WORK ORDER: Return the data exactly, apart from leaving out the pictures.
:: TASK INPUT ::
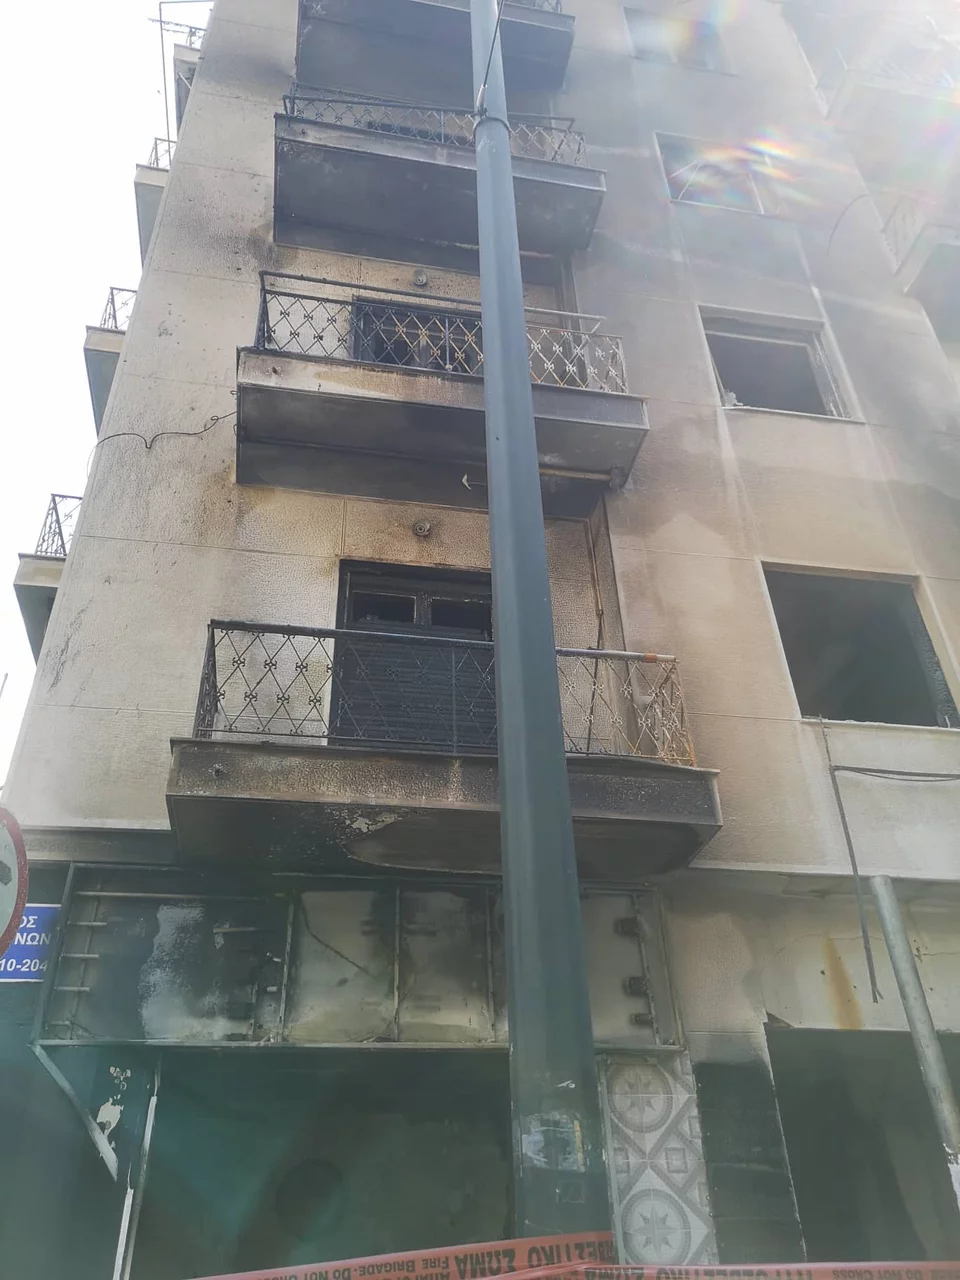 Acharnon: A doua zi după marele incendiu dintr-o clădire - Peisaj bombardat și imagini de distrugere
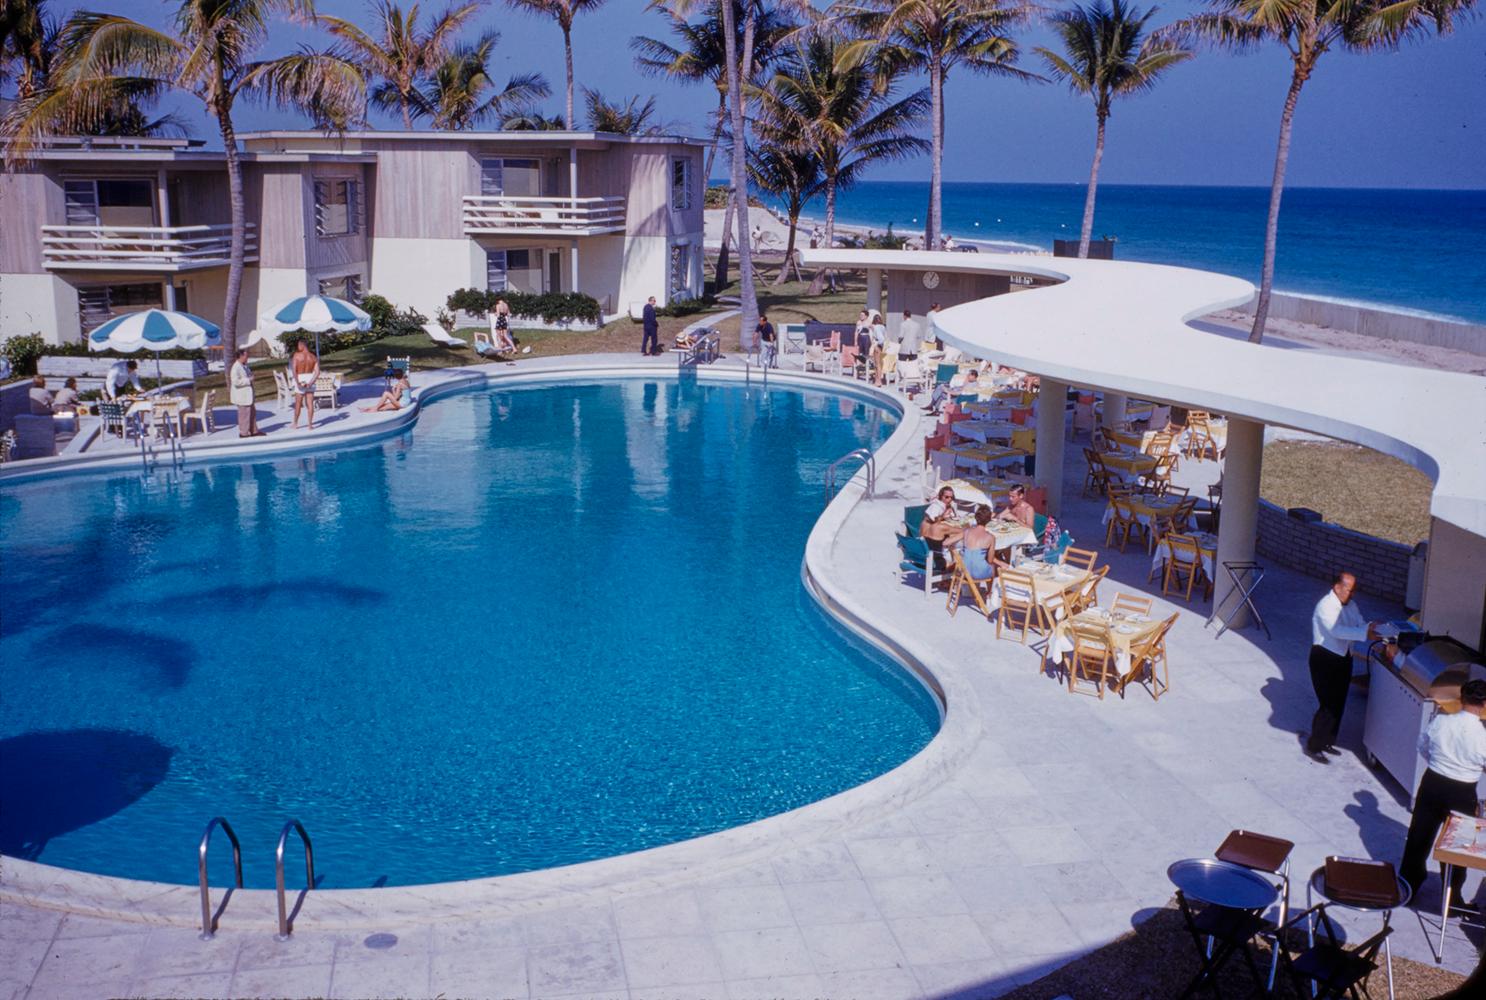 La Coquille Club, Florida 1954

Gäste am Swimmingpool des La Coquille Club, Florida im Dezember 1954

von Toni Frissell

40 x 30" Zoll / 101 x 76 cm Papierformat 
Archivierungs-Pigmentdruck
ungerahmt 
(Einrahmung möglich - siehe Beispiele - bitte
:::
RESULT:
 Acharnon: A doua zi după marele incendiu dintr-o clădire - Peisaj bombardat și imagini de distrugere
 La Coquille Club, Florida 1954

Gäste am Swimmingpool des La Coquille Club, Florida im Dezember 1954

von Toni Frissell

40 x 30" Zoll / 101 x 76 cm Papierformat 
Archivierungs-Pigmentdruck
ungerahmt 
(Einrahmung möglich - siehe Beispiele - bitte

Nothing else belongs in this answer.